Movie Night for UOP Data Science Masters Students

Objective

As the pandemic prompted many universities to transition to remote learning, administrators and campus instructors were unsure on how students would remain connected during these uncertain times. For the Data Science Master’s Program at the University of the Pacific, the transition posed a great challenge since alternating Saturday in-person instruction was the only opportunity for students to collaborate face to face. To maintain a sense of community, the Program Directors want to organize a virtual movie night for the students.

To help the Directors understand their students’ preferences, I aim to create a recommendation engine that can cluster students based on their preferences in Action, Adventure, and Thriller movies so that the Directors can select movies that appeal to their students’ tastes. Additionally, the recommendation engine would also help make predictions on new students based on the model created. This would enable the Directors to place a new student with a cluster of students that share similar interests.

Data Exploration

Cocktail

Before conducting any exploratory data analysis, I imported the required libraries, as well as set some pandas options.

# Preparation for pandas
import pandas as pd
import numpy as np
import matplotlib.pyplot as plt
from matplotlib.pyplot import figure
from scipy.cluster.hierarchy import linkage, dendrogram
import plotly.graph_objects as go
from sklearn.cluster import KMeans
from sklearn.neighbors import KNeighborsClassifier

# Set some pandas options
pd.set_option('display.notebook_repr_html', False)
pd.set_option('display.max_columns', 30)
pd.set_option('display.max_rows', 30)

Read in the Data

To begin my EDA, I used pd.read_csv() to read the CSV file containing the survey responses, as well as printed the records of the first respondent. From the print out, we can see that the column names are listed to the left, while the response data is listed to the right.

# Read csv file and print records of first respondent
survey = pd.read_csv('MoviesSurvey2020.csv')
survey.iloc[0]

First record of the dataset First record of the dataset

To make things easier for the clustering algorithms, I decided to set the first column, Student Name, as the index.

survey = survey.set_index('Student Name')
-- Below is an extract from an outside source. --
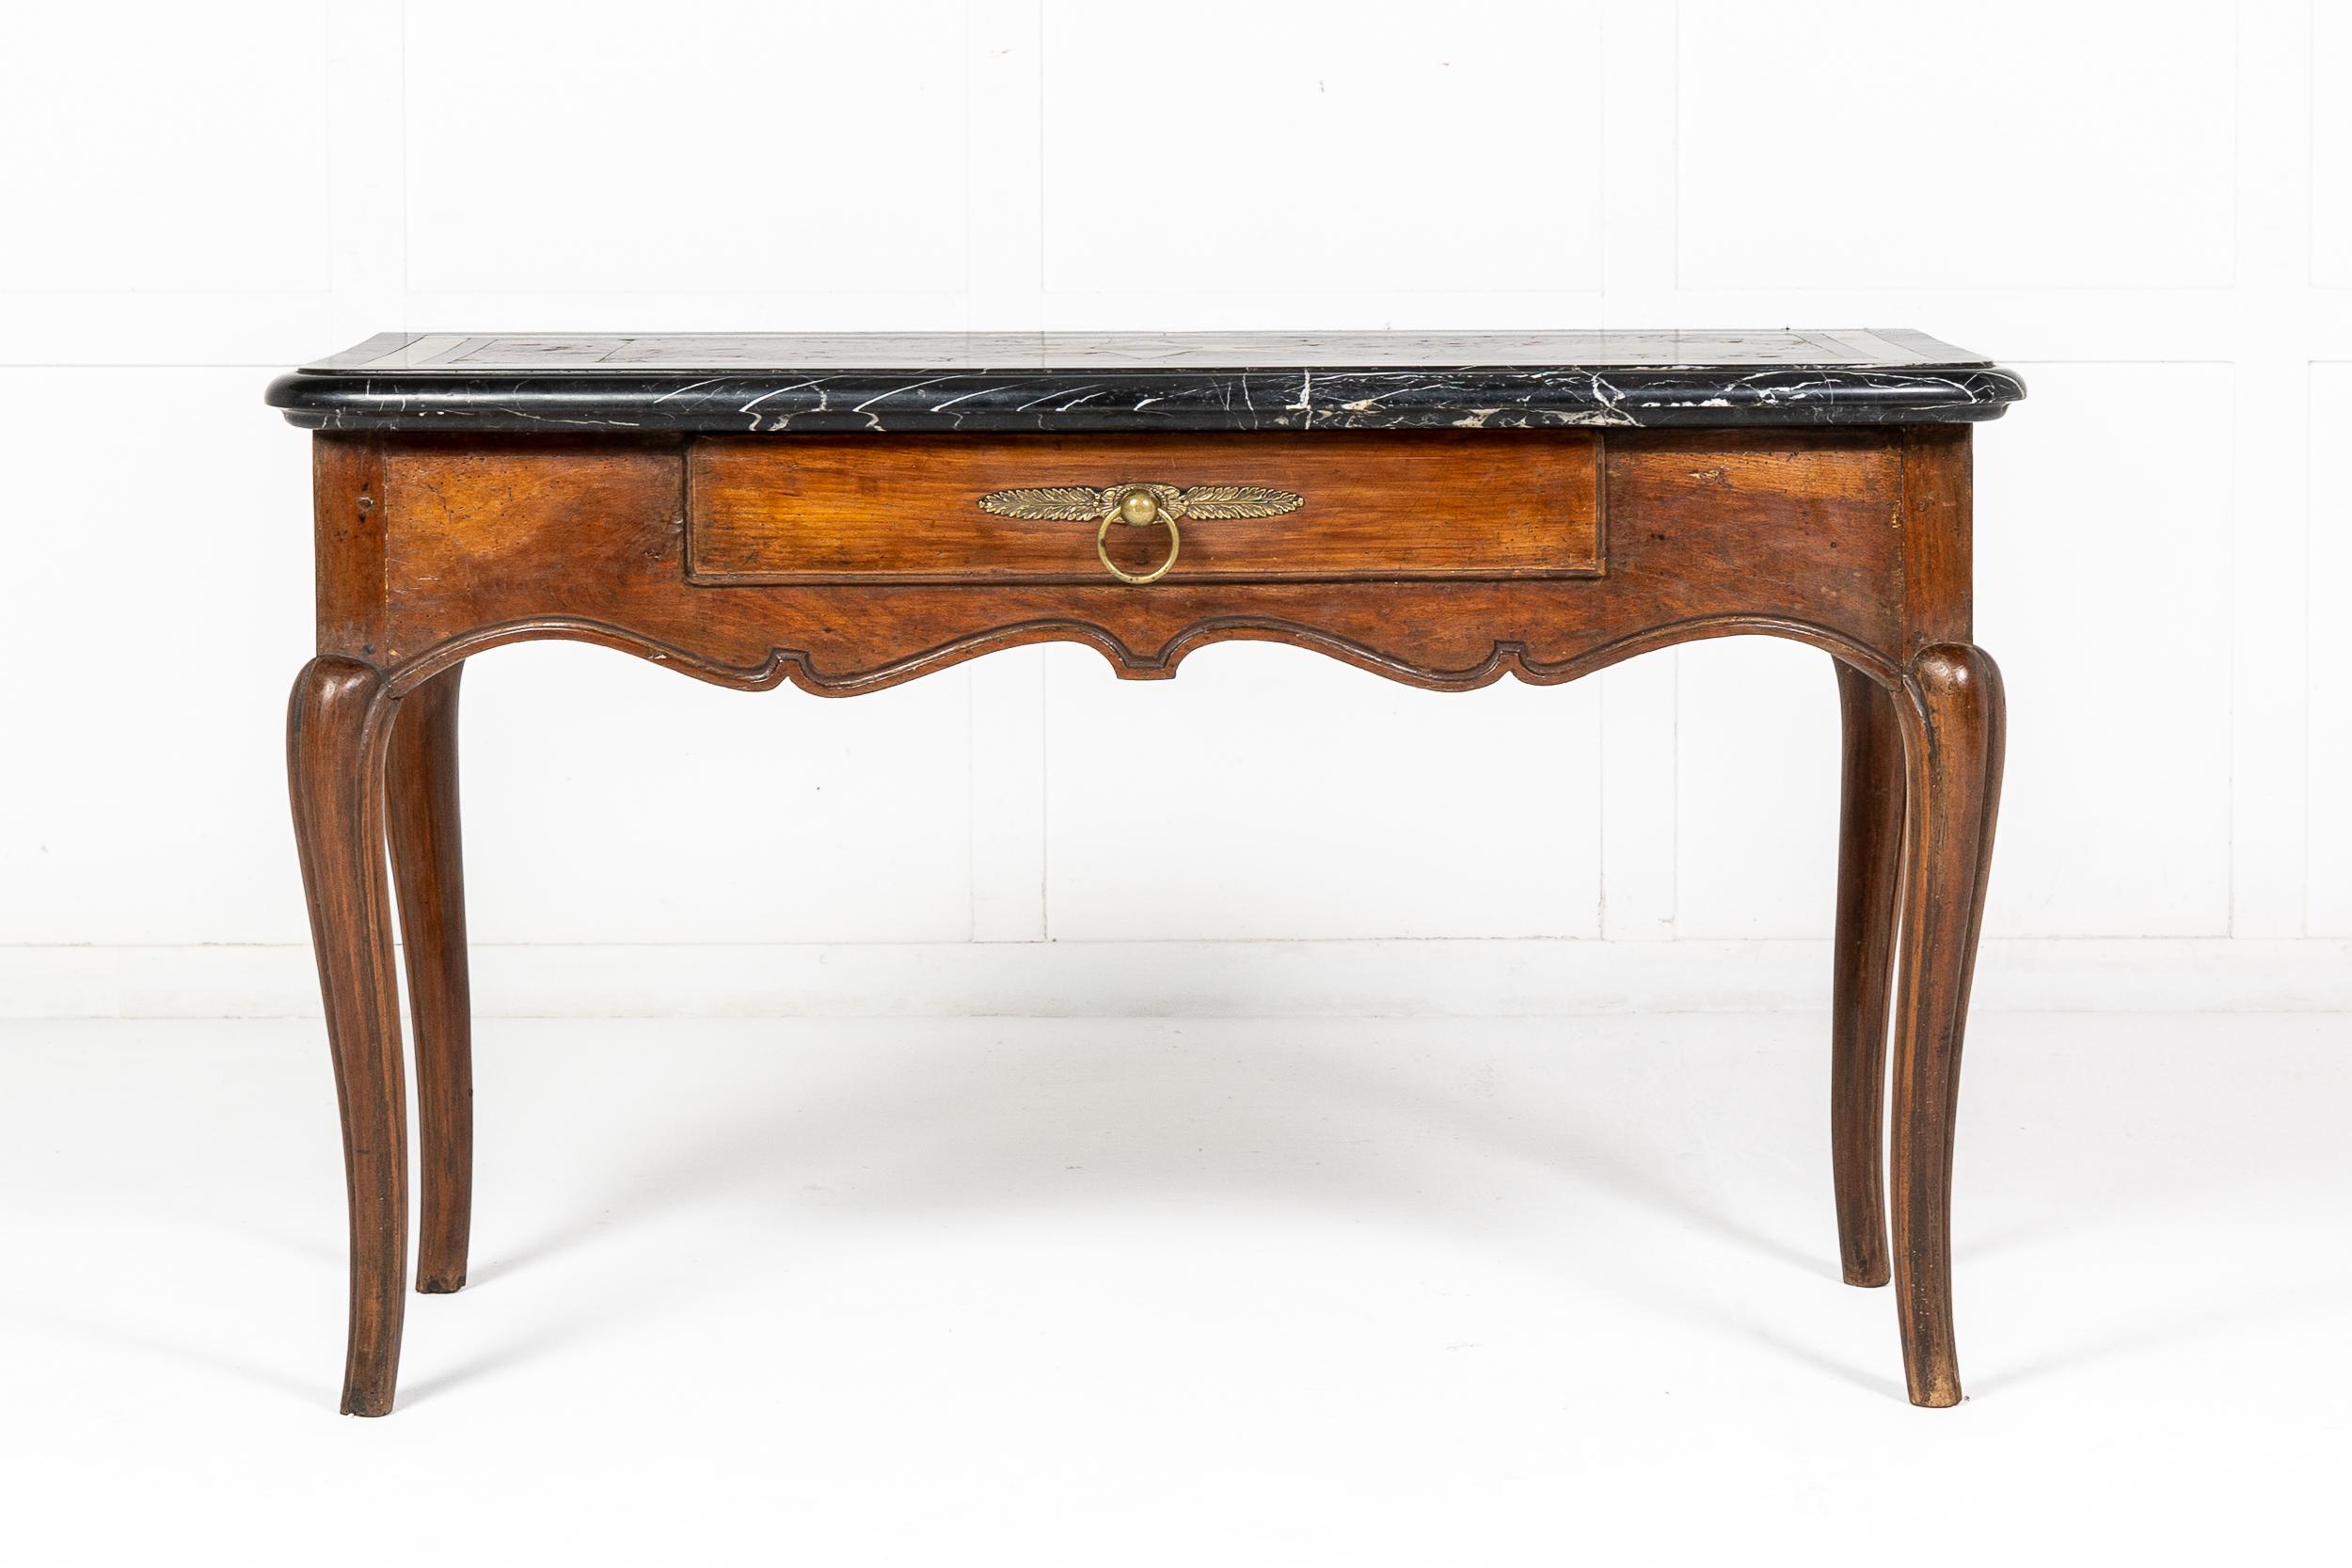 A classic French 18th century console table with outstanding thick top of various marbles having a central star motif.
The deep carved and moulded frieze, has a single central drawer, with a large ring pull handle, adjoining long cabriole legs.

Using .index, I verified that the index was set to Student Name.

# Retrive index
survey.index

Index Index

I also wanted to know how much data I was working with. With the succeeding code, I learned that 40 participants responded to 16 questions, excluding the Student Name field. Our cohort is currently composed of 33 participants, including the professor. From the preceding print out, I noticed that the dataframe includes students that have dropped the program. This means I’ll have to do some data cleaning on those rows in the following sections.

# Retrieve the dimensions
print("There are " + str(survey.shape[0]) + " rows and " + str(survey.shape[1]) + " columns in this table.")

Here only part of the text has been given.